I was finally ready to come back and tackle revisions. My query has always been my nemesis. I cringe when I think about the first batch of queries I sent out for Eden. They didn’t do her justice at all. In fact, my CP Tana told me that she basically expected my pages to be horrid the first time she read my query, and was pleasantly surprised. Thank goodness she didn’t run away after that! Most of the suggestions focused on the query, which still needed work. I punched and molded and cut and squeezed that query, and I was pretty happy with the results. The first page was less intensive surgery, but I made some tweaks here and there to tighten it, add a bit more tension, take out some superfluous information.
With a whirl and a twirl, I sent my shiny new entry to some people to look it over again. And then began the madness. More to fix. Maybe this is actually worse. I like how you did it the first time better. Add more. Say less. And the voices in my head started to take over. They bound and gagged my voice and threw her in a trunk, and I was left to figure out which combination of others’ voices to listen to. I went to bed feeling defeated, because it would NEVER be right.
After a sleep and an overfull day of work, I was back at it. I stared at the entry. And stared some more. And changed some things. And changed them back. What if I don’t follow this person’s suggestion? Will they be upset? Will they think I can’t take critique? Because I can totally take critique. Critique me senseless. (Already there.) What if this person is right? It doesn’t feel like me, but maybe it doesn’t need to. Maybe I SHOULD do it that way.
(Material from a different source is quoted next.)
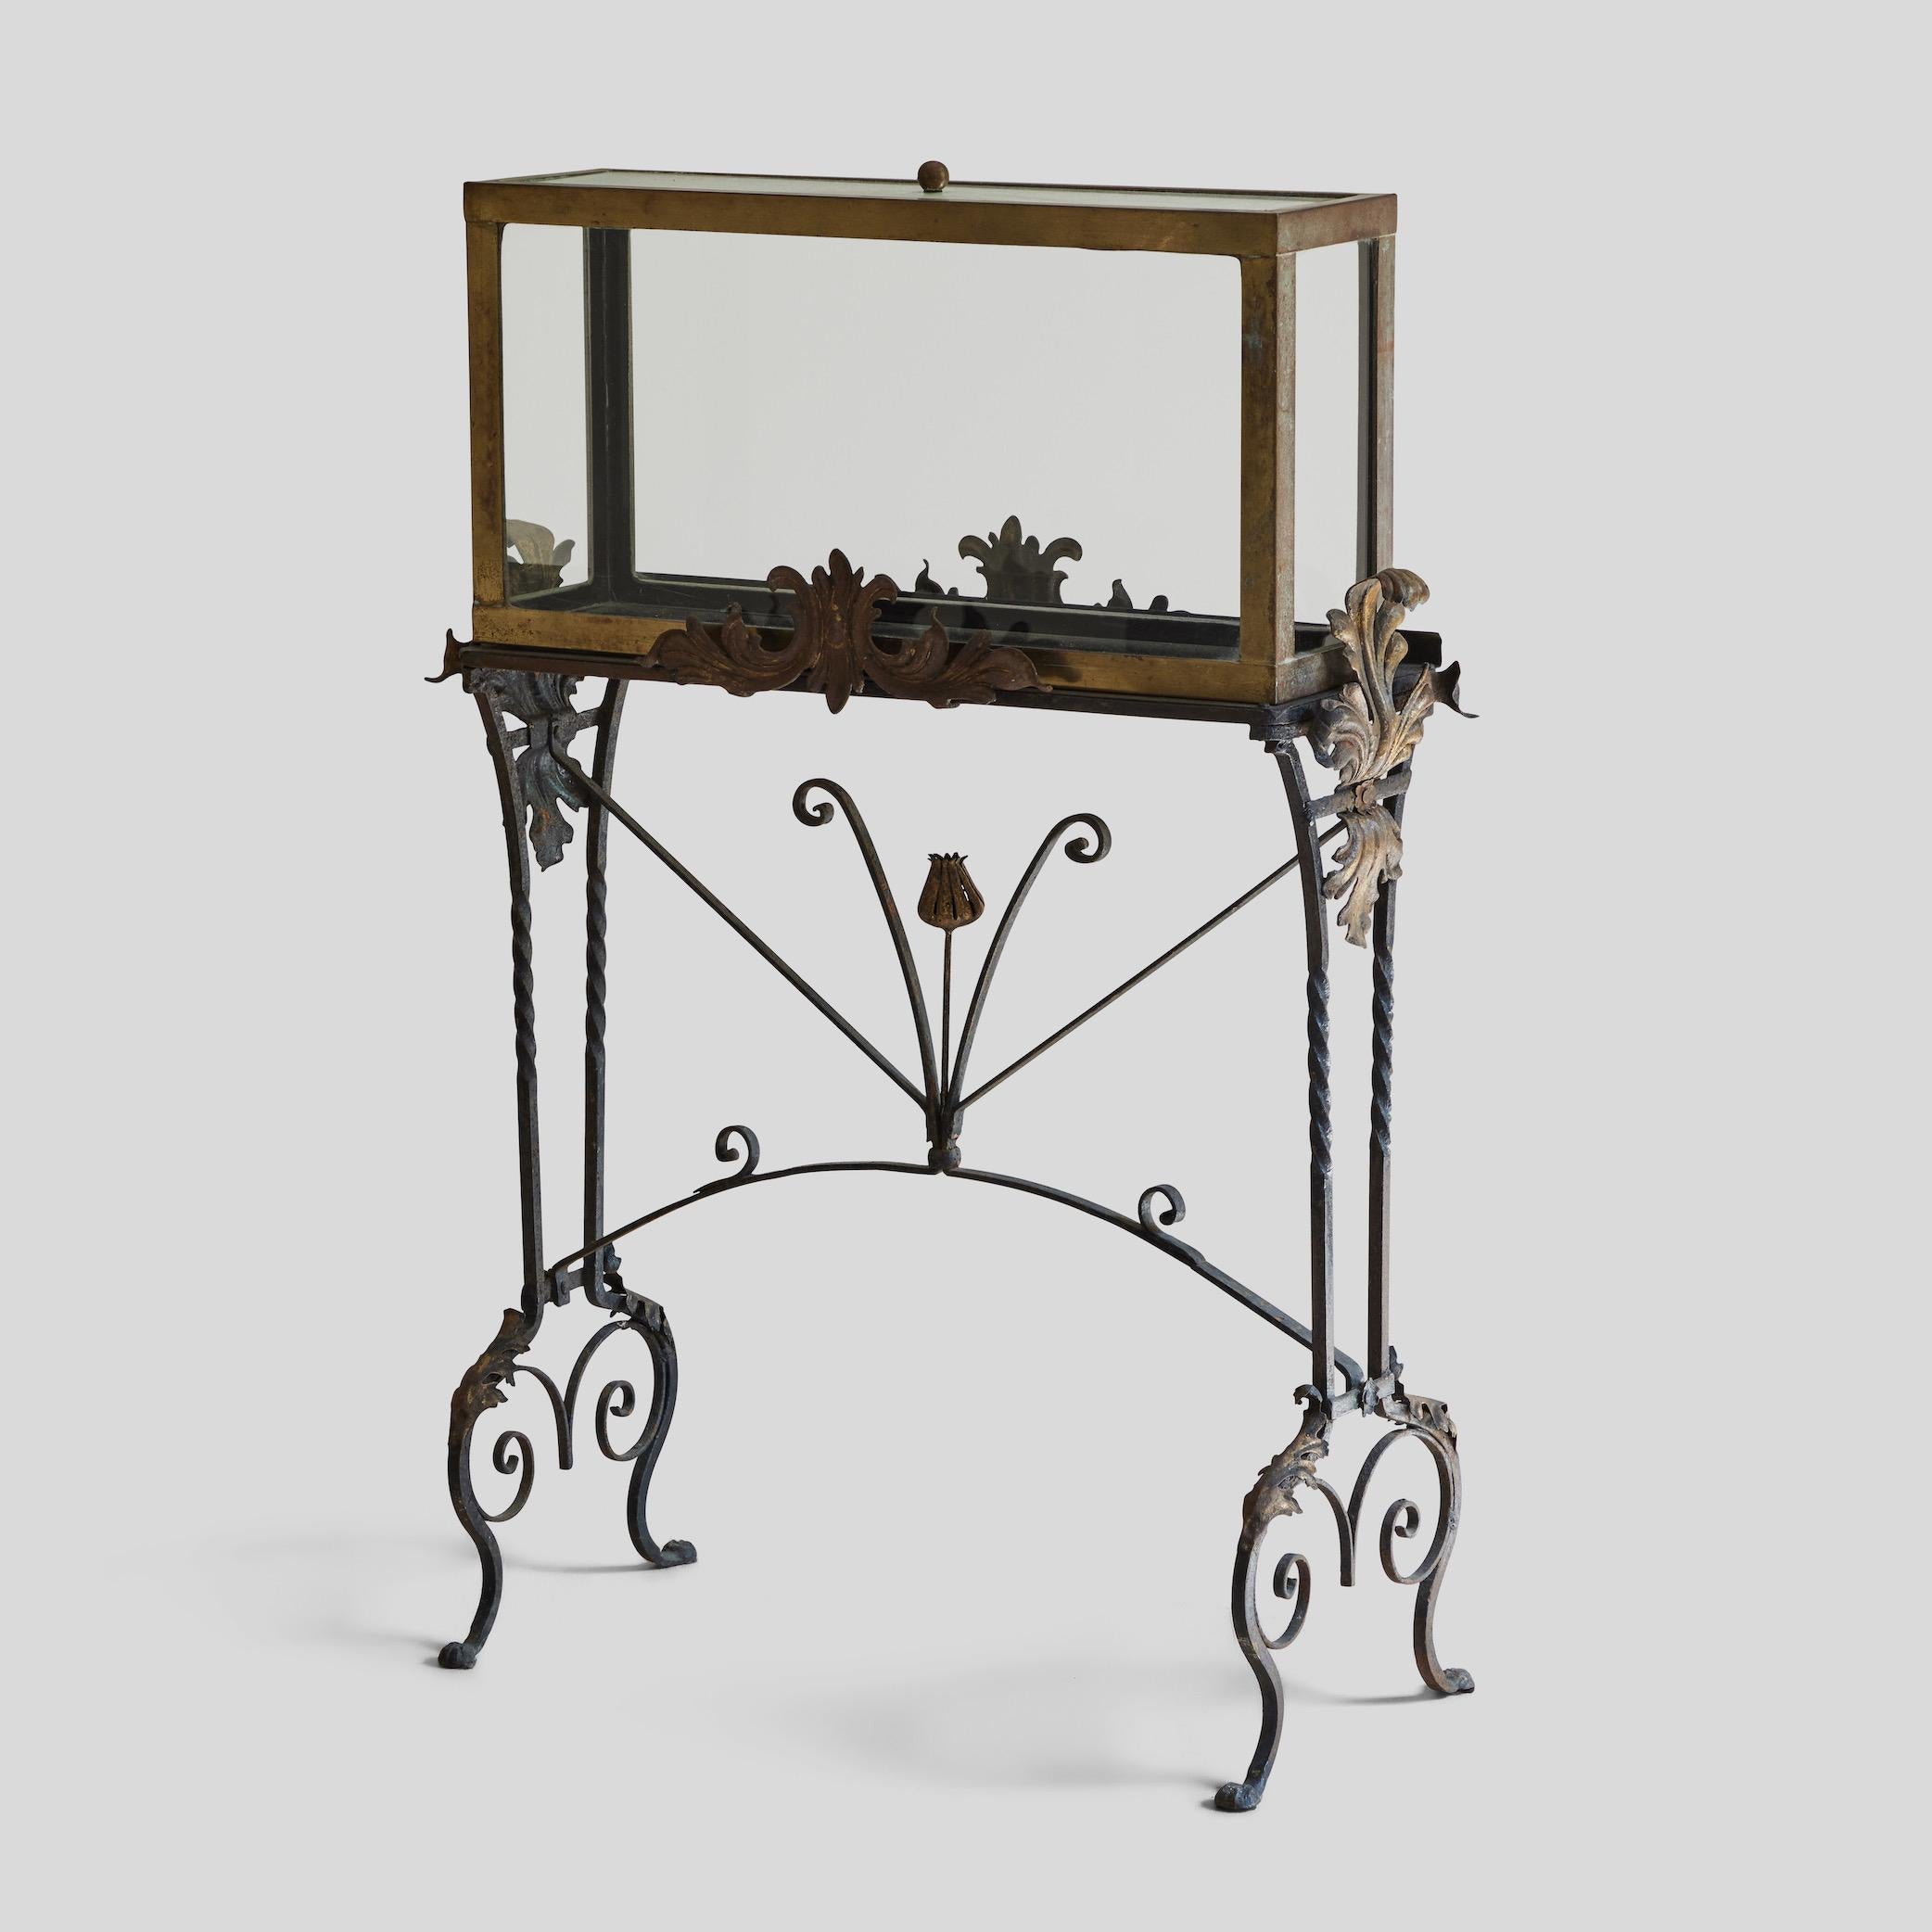 This brass aquarium sits atop a highly adorned iron stand, and a has a textured glass lid. Dating from 1940s Spain, this piece could also serve as a display case. It features a number of floral motifs and worked iron details that make this piece

That’s when my voice liberated herself and yelled at me. Why are you letting what everyone else thinks make you doubt what you know? she asked. Who knows your story? Who knows your characters? YOU DO.
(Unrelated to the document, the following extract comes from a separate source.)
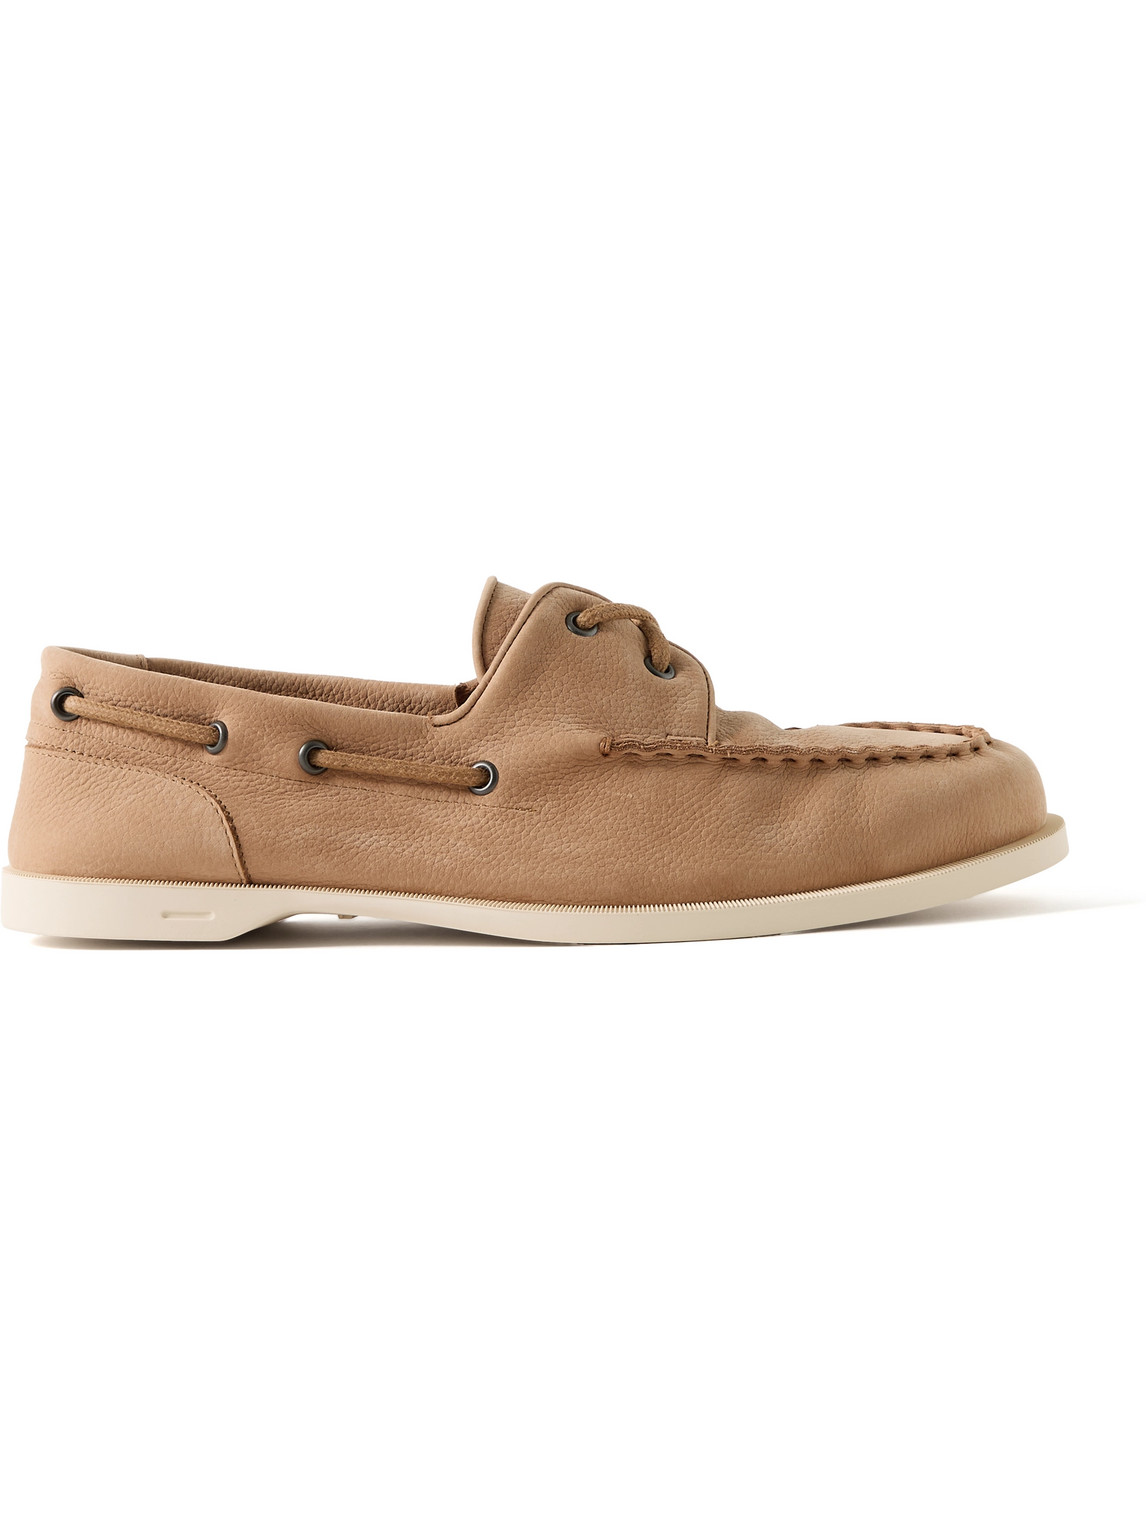 John Lobb Foil Leather Boat Shoes In Brown

And she was right. Everyone was being so helpful, and, being a people pleaser, I didn’t want to let any of their help go to waste, didn’t want to let them down. But in trying to make everyone happy, I lost my own voice. Lost my confidence in myself and my writing and my story. I made the updates I resonated with, and left the rest alone. Tonight I sent my new entry off.
It may get agent attention, it may not. Of course, I hope it does. Even if it doesn’t, I would do this all over again in a heartbeat. Not only did I learn valuable information about how others read my query and first pages, I learned valuable information about myself. I know it sounds trite to say “it’s subjective,” but it is! Nothing has been a more prime example than this experience. It’s good to go to others. Necessary, even. Writing is solitary…the revision/query/and so on process shouldn’t be. Fresh eyes are always helpful. They open the writer up to see their work in new ways, from different angles.
But in the end, I am still the author. It’s my name on the project, and I get the final say. If I’m not passionate about my story because I have reworked it to the specifications of others, how can I possibly expect agents, editors, or publishers to be passionate about it? It has to be my voice, through and through. And my voice deserves to out there.